▸ Problem to solve
Please give all of the data again, character for character, and drop the pictures.

▸ Data shown
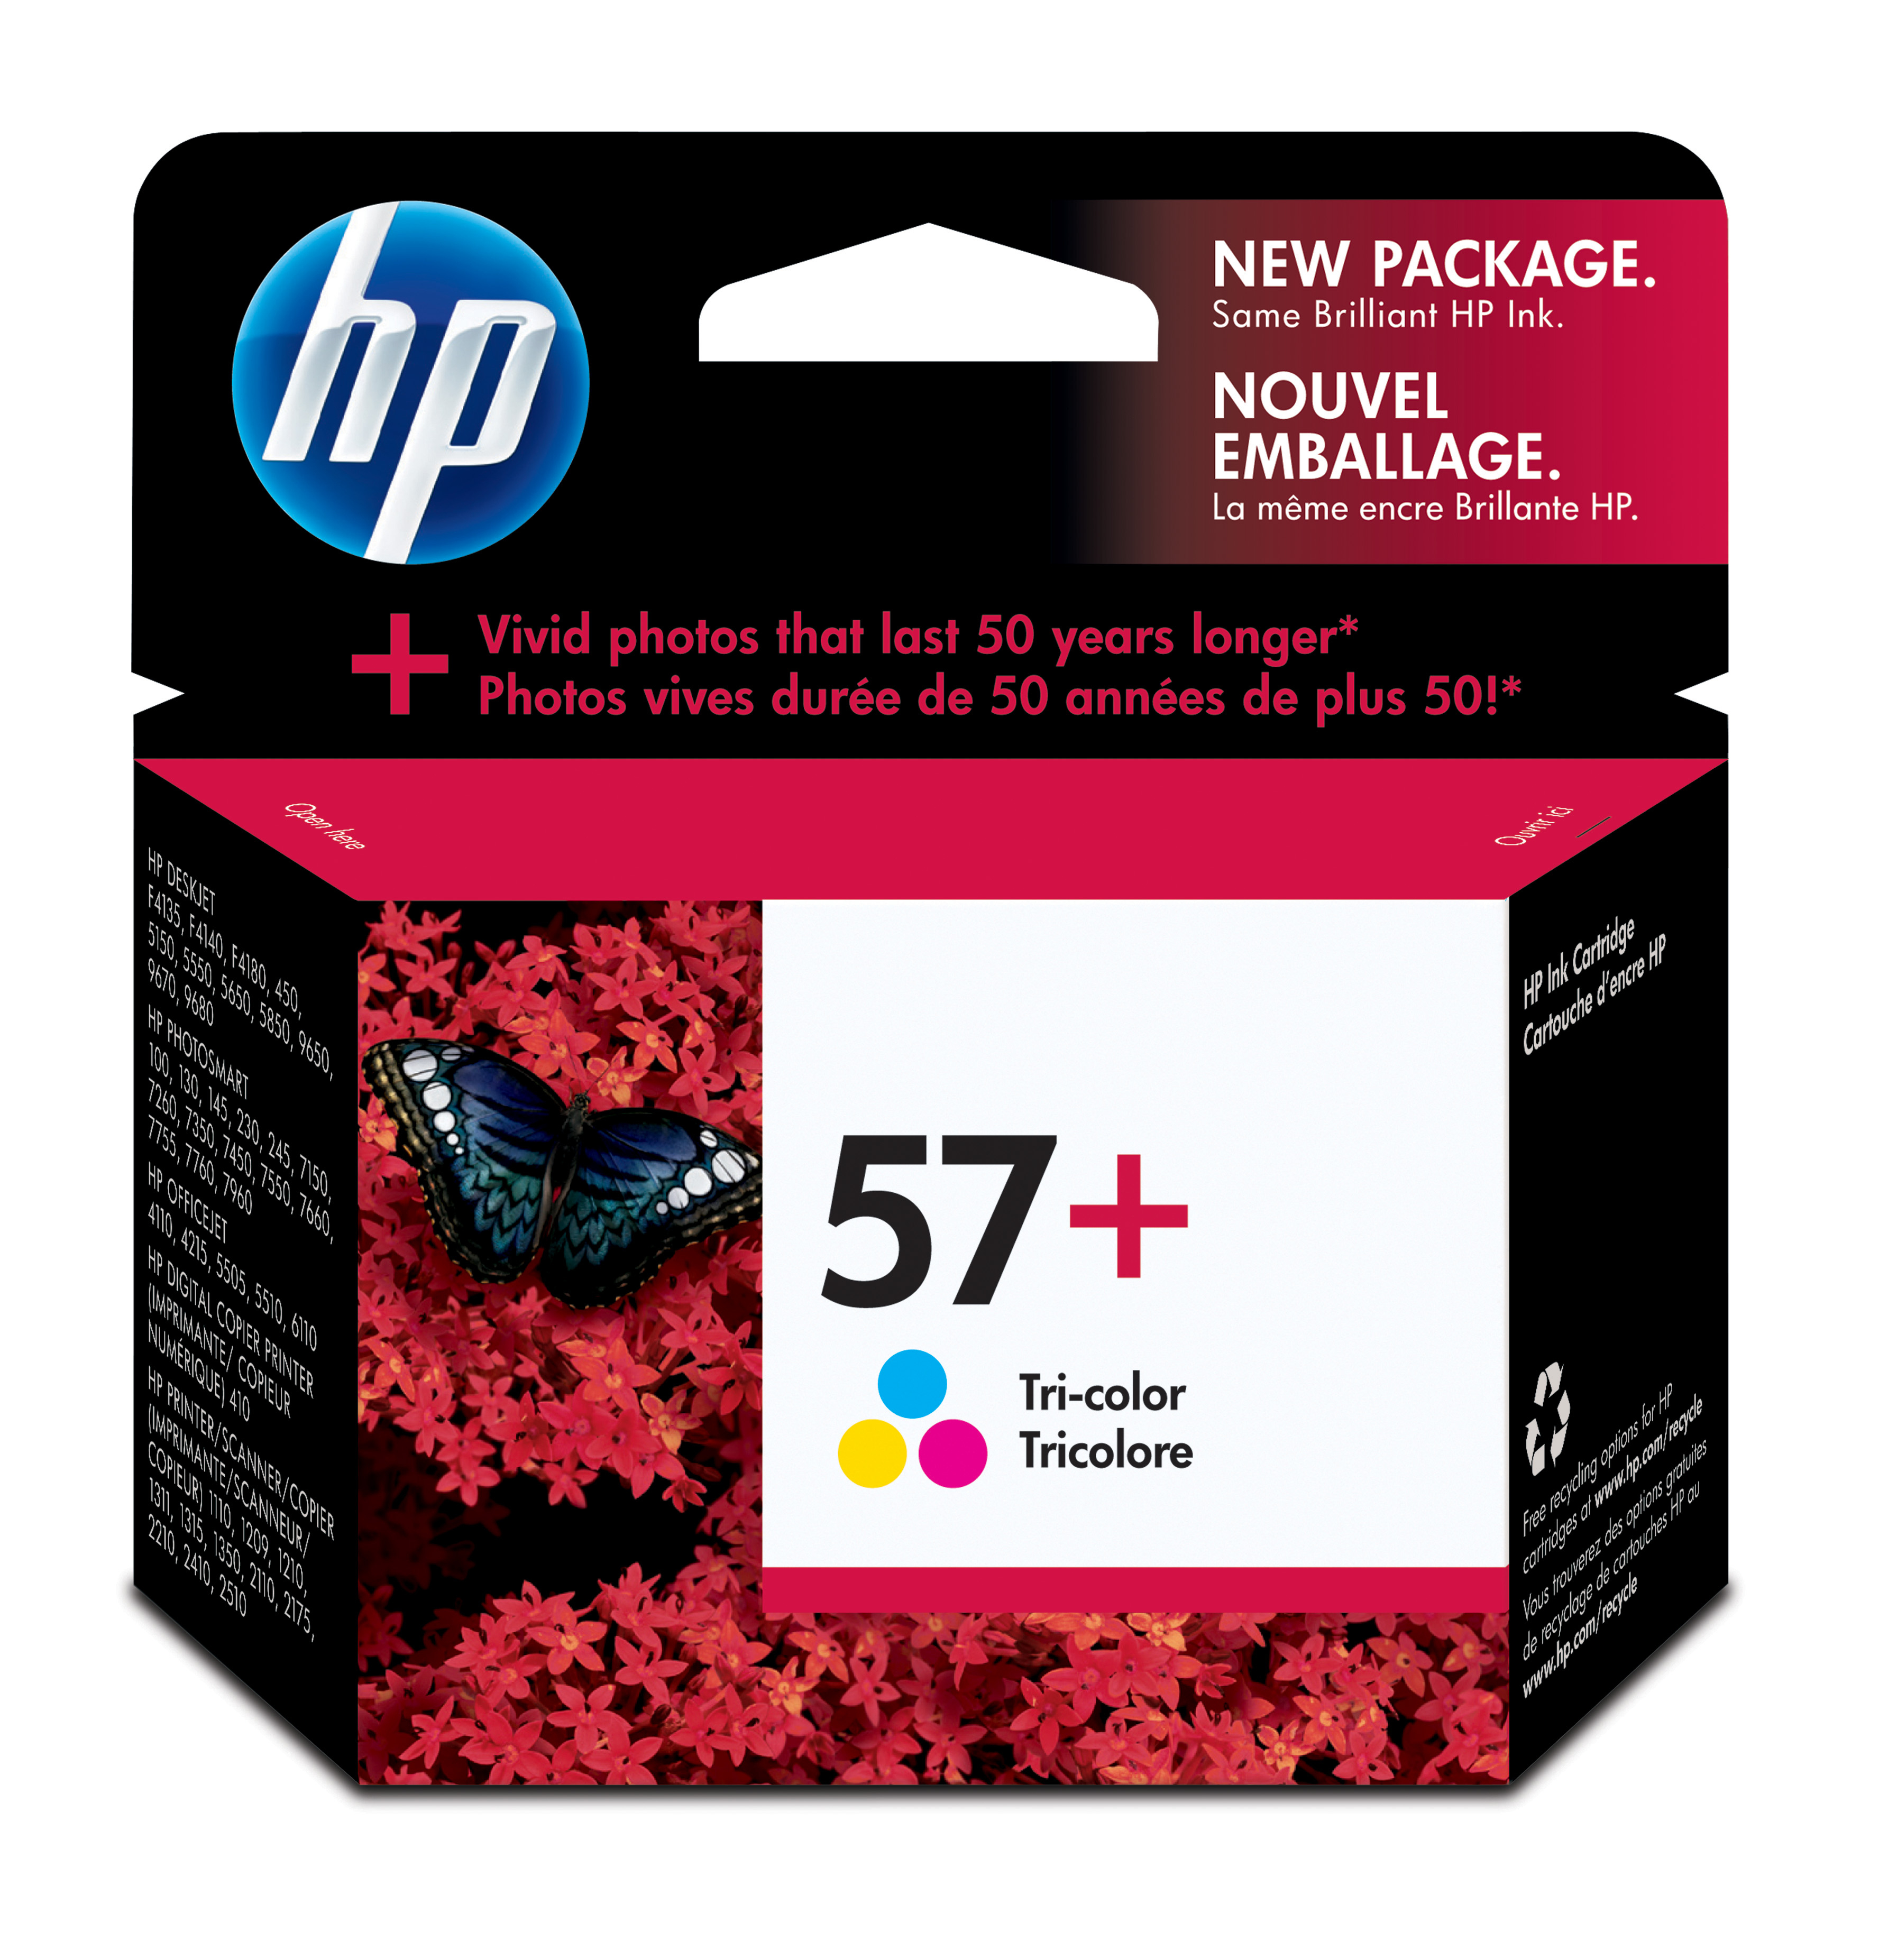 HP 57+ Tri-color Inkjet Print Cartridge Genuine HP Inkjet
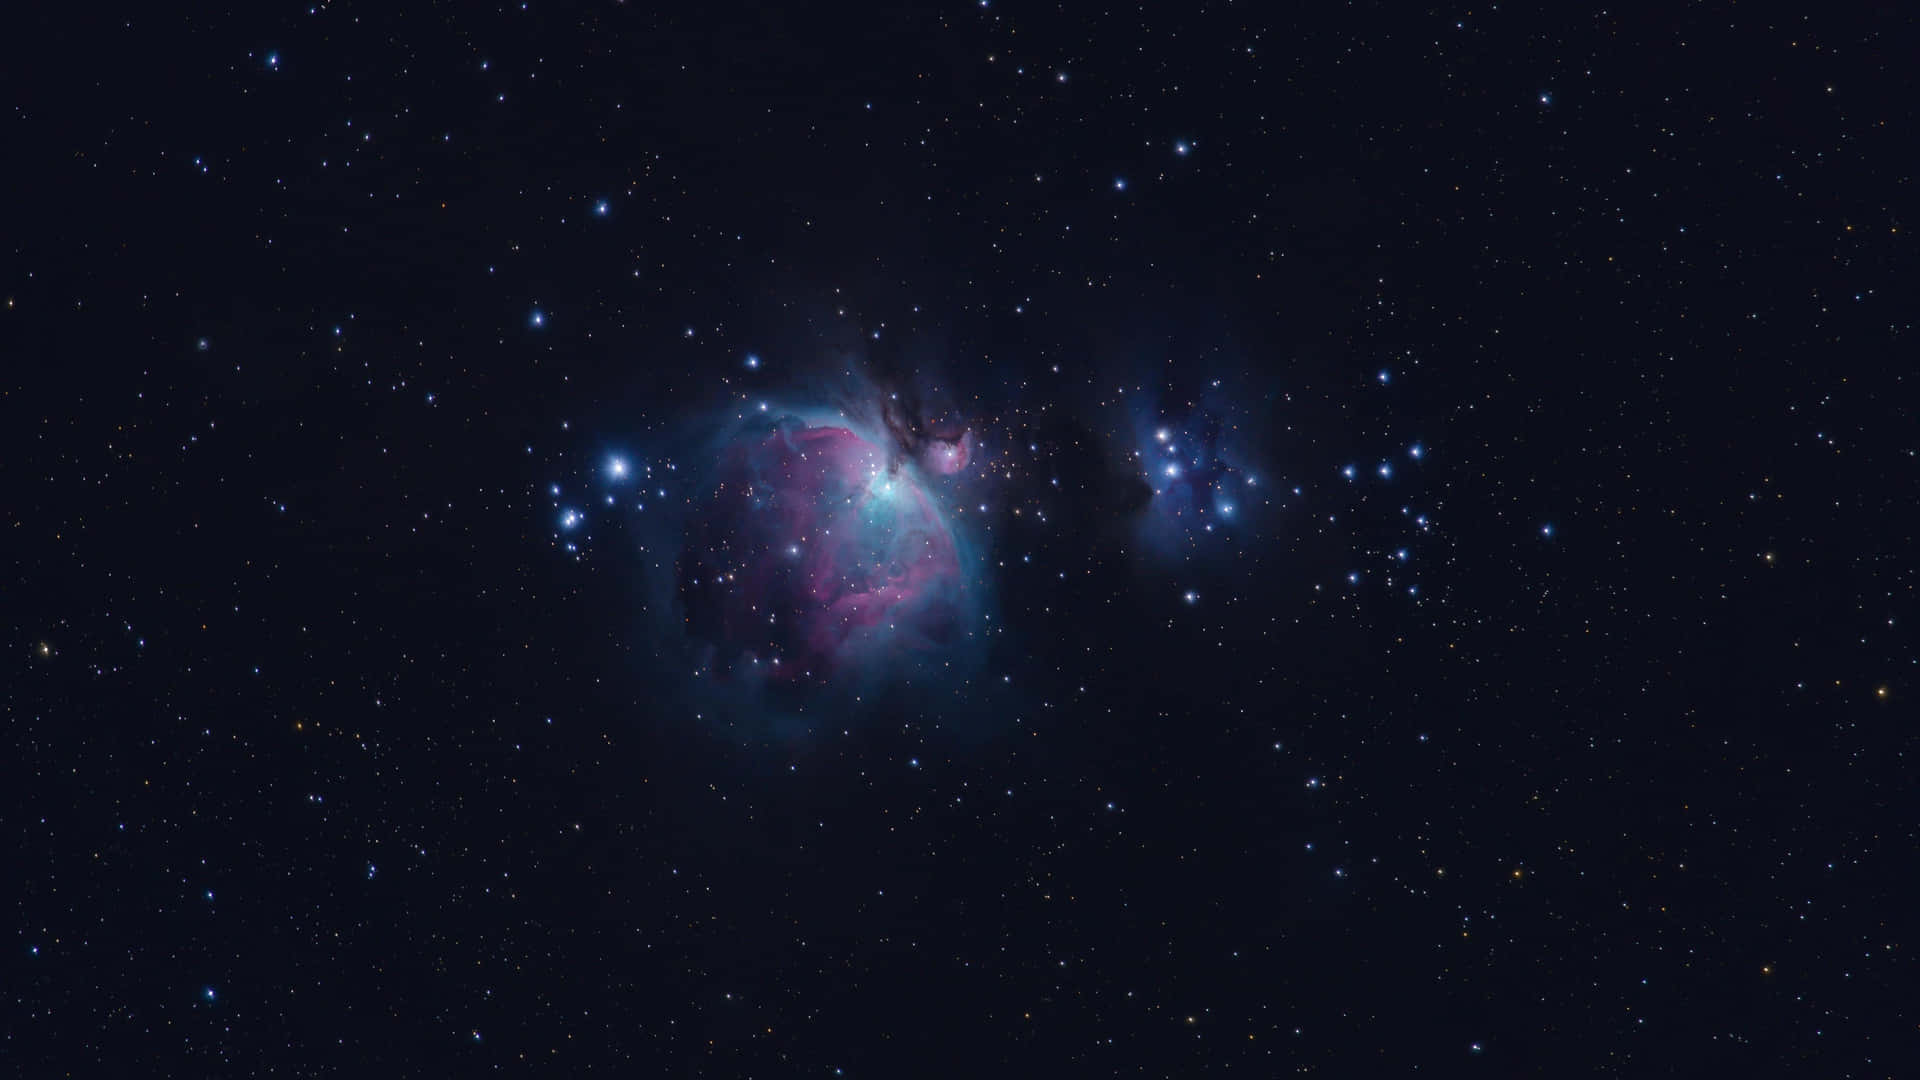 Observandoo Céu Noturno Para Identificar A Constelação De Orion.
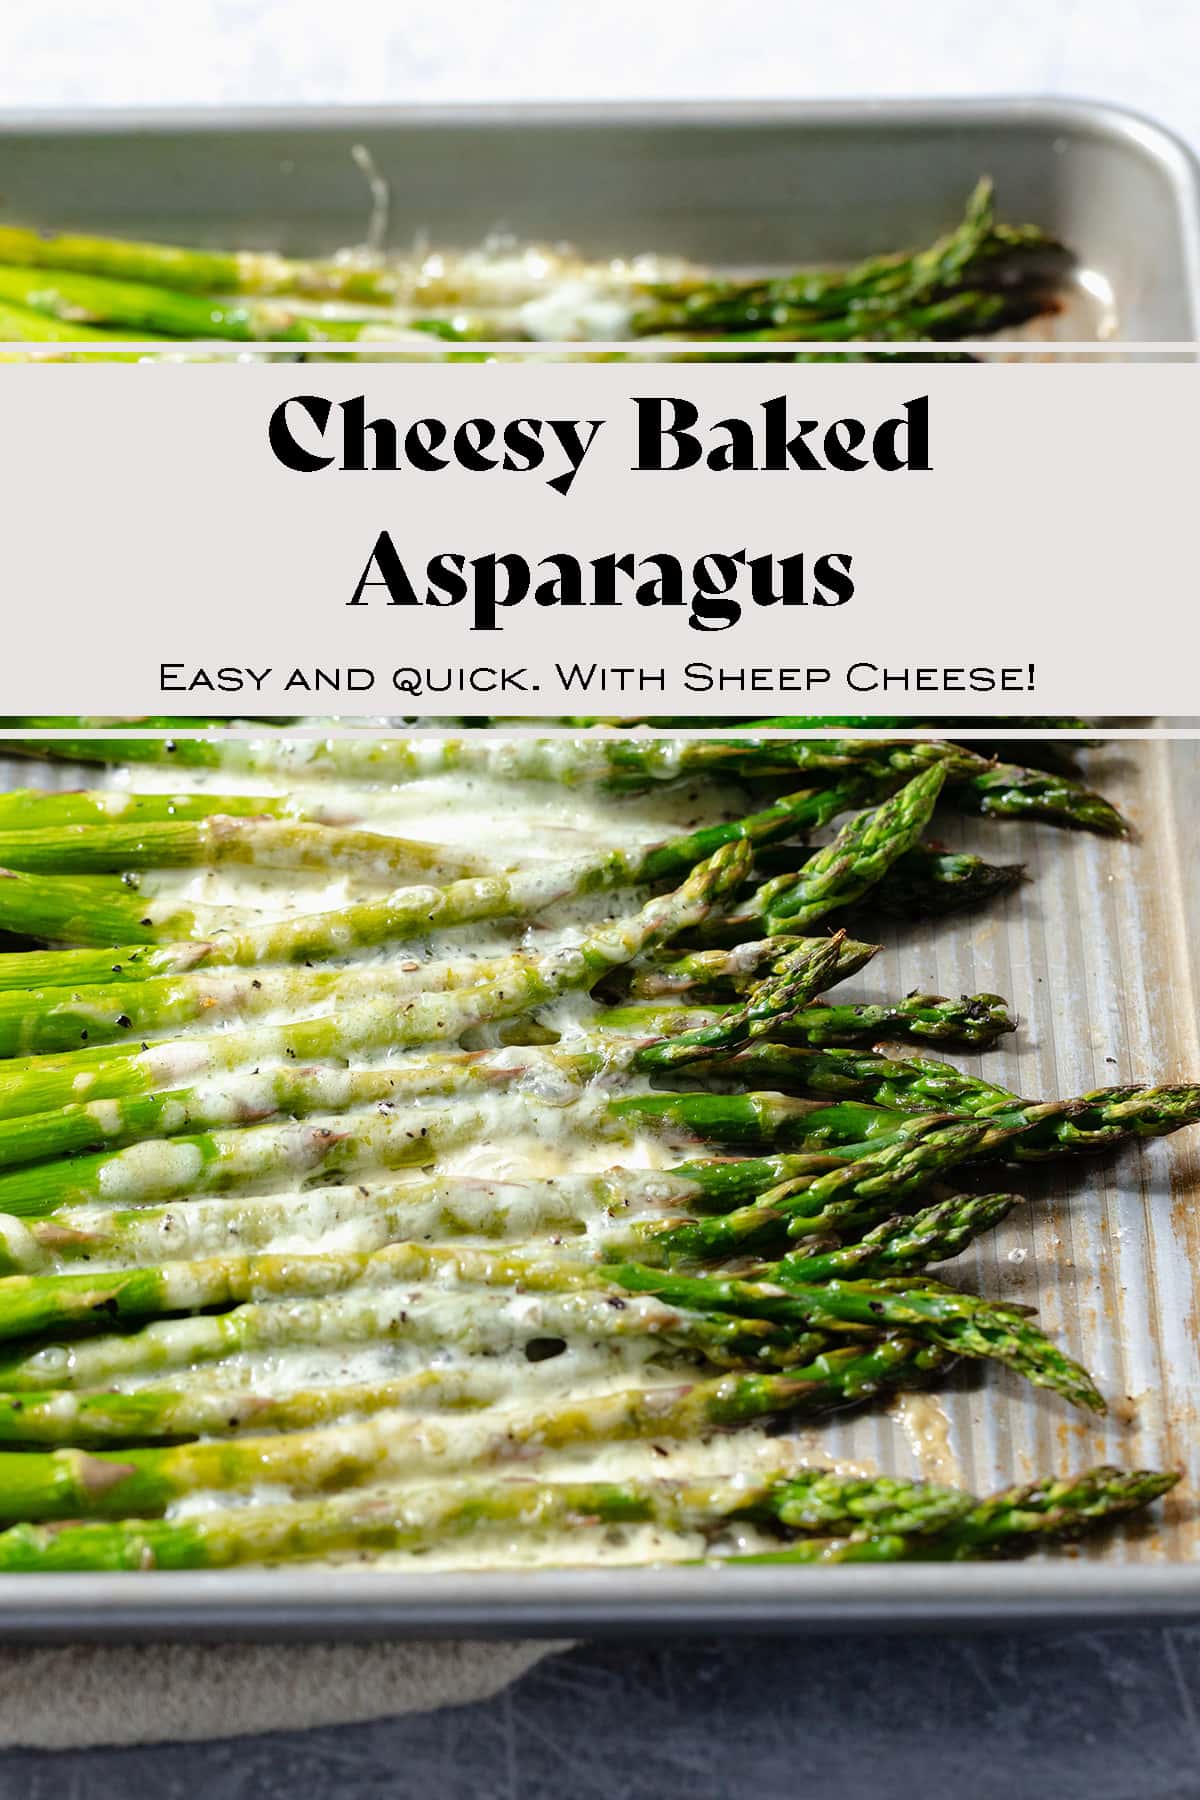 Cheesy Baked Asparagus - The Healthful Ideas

▸ Result of this exercise
 HP 57+ Tri-color Inkjet Print Cartridge Genuine HP Inkjet
 Observandoo Céu Noturno Para Identificar A Constelação De Orion.
 Cheesy Baked Asparagus - The Healthful Ideas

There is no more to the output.